How!???? it`s the same D cells and bulb! :duh2:

#### thermal guy

##### Flashaholic
Efficiency of the bulb at that lower level might just be more "better " then you think?

#### xxo

##### Flashlight Enthusiast
You need to measure the current draw to see what is going on. Even with NiMH's incan bulb's output drops off quickly with even small fading of Voltage (most incan's don't have drivers to adjust themselves). Test both lights current every hour or half hour and see how much they are actually drawing throughout their runs.

##### Flashlight Enthusiast
LED efficiency goes down as current increases. Depending on the type and manufacturer of the LED, that logarithmic scale can differ but are generally the same. So it's very possible that the lamp you're using requires 4x the amount of current just to produce twice the lumens.

You also mention "twice the brightness". Is that what you're perceiving or is that what the manufacturer of the lamp says? If it's perception then you have to factor in that your eyes also don't scale linearly either.

#### thermal guy

##### Flashaholic
Lots of maths. Lots of maths😁😁😁

#### Katherine Alicia

##### Enlightened
You also mention "twice the brightness". Is that what you're perceiving or is that what the manufacturer of the lamp says? If it's perception then you have to factor in that your eyes also don't scale linearly either.
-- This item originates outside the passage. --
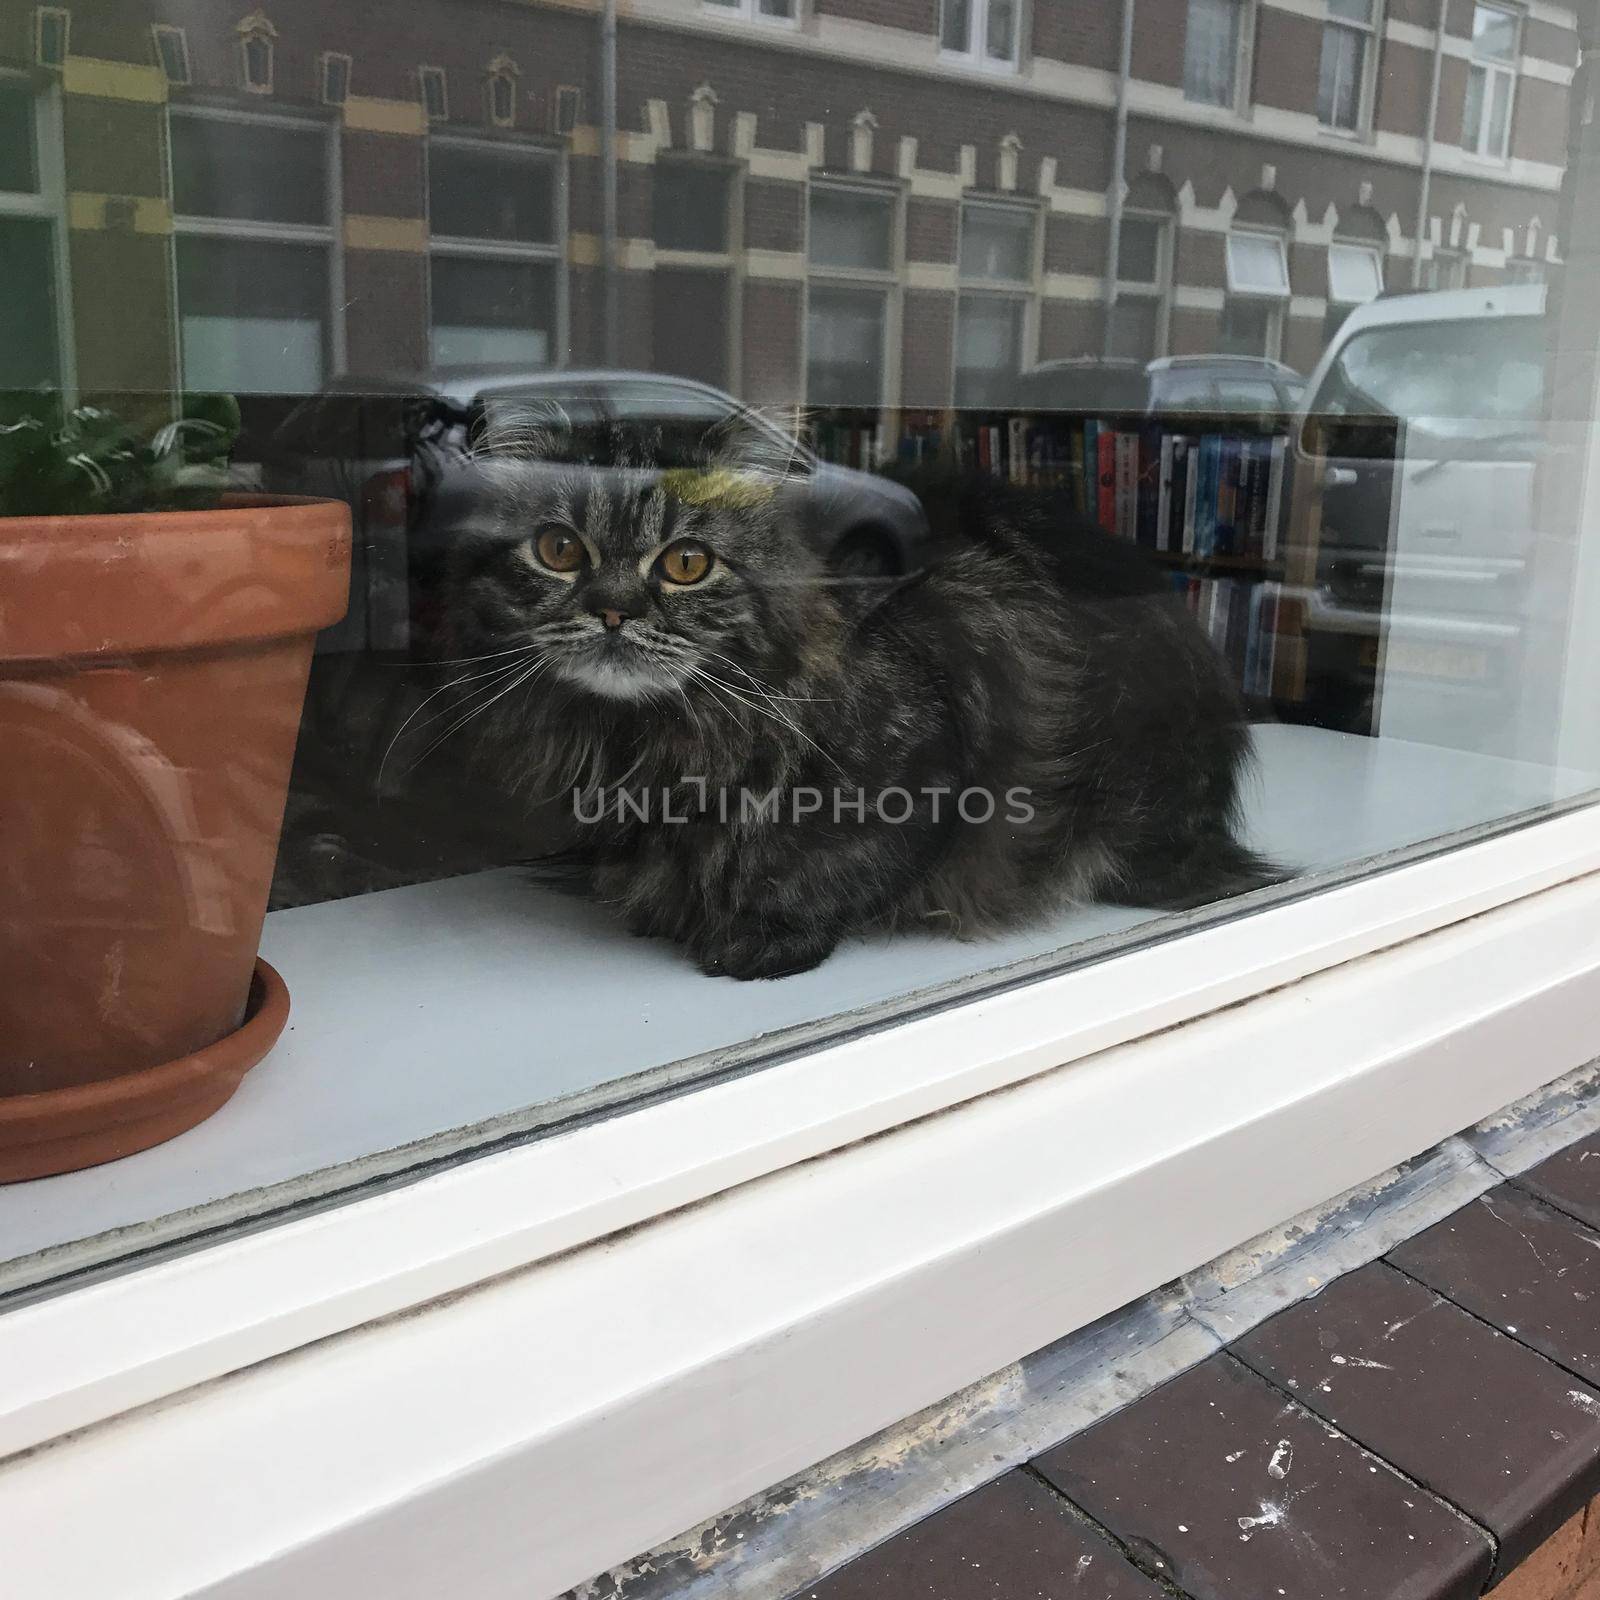 a Tabby cat sitting behind a window showing reflections of the street

Twice the brightness based on the fact that it`s twice the wattage, I have no objective way of testing brightness yet though, just that it`s Brighter on 6 Volts than on 3 Volts.

#### wrf

##### Newly Enlightened
in simple case, half the voltage results also in half the amperage
so
(3v x .5A=1.5W)
would actually be closer to
(3v x .25A=0.75W)

#### archimedes

##### Flashaholic
None of the functions you reference are truly linear, and how accurately are you monitoring each of the variables (volts, amps, lumens, etc) throughout the entire run ?

Alkaline cells will sag significantly, and that will not be consistent under different loads. That's just for starters.
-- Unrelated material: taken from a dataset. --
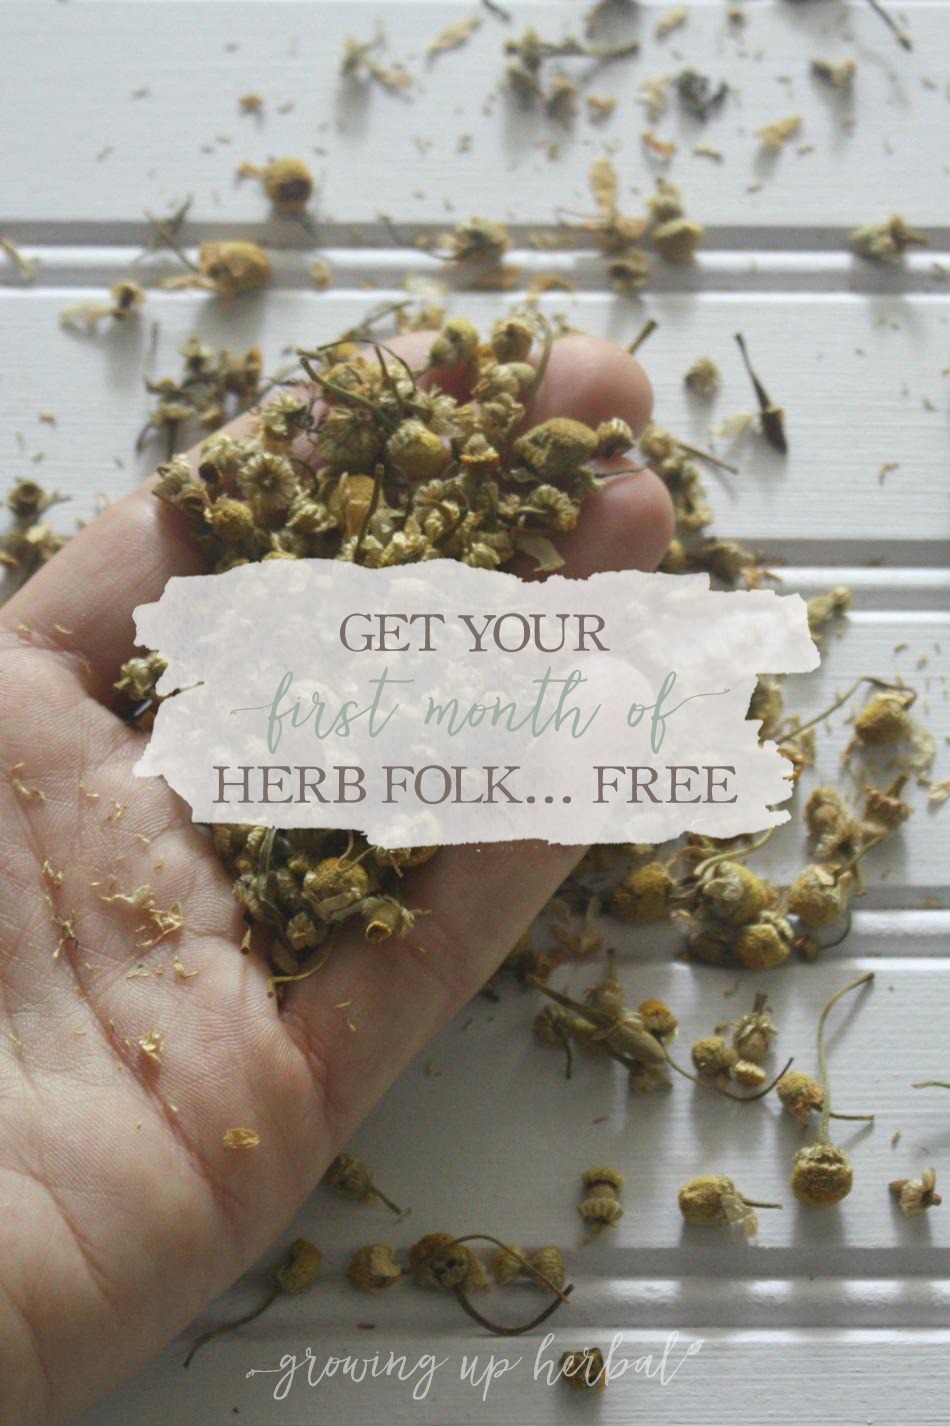 Get Your First Month of Herb Folk For FREE! | Growing Up Herbal | Herb Folk is an exclusive membership site dedicated to helping herbal-minded folks learn about and use herbs through the study and use of one herb a month. Get your first month FREE!

Put more simply ... what and how are you measuring versus what are you calculating ?

Last edited:

#### Katherine Alicia

##### Enlightened
None of the functions you reference are truly linear, and how accurately are you monitoring each of the variables (volts, amps, lumens, etc) throughout the entire run ?

Alkaline cells will sag significantly, and that will not be consistent under different loads. That's just for starters.

Put more simply ... what and how are you measuring versus what are you calculating ?

the only thing measured is the runtime, the rest is worked out from the voltage and mah of the D cell(s) and the rating of the bulb 6v .5A those are the only things I have to play with at the moment.

#### Katherine Alicia

##### Enlightened
in simple case, half the voltage results also in half the amperage
so
(3v x .5A=1.5W)
would actually be closer to
(3v x .25A=0.75W)

Hmmm... now That`s interesting! and may very well explain what`s going on

#### archimedes

##### Flashaholic
So, for the (single) C cell test I linked, @HKJ measured ~ 8.4Wh at 0.1A test current ... but 0.9Wh (!) at 3A

The third graph from the top, I believe, most directly addresses your question here (titled as - discharge, time scale)

Last edited:

#### Katherine Alicia

##### Enlightened
So, for the (single) C cell test I linked, @HKJ measured ~ 8.4Wh at 0.1A test current ... but 0.9Wh (!) at 3A

and couple that with the fact that a bulb isn`t a fixed load and changes it`s resistance as it gets hotter and it really isn`t a simple calculation at all!
I don`t feel so bad now LOL

#### archimedes

##### Flashaholic
Yes, I had left heat aside, but it is also a non-trivial factor.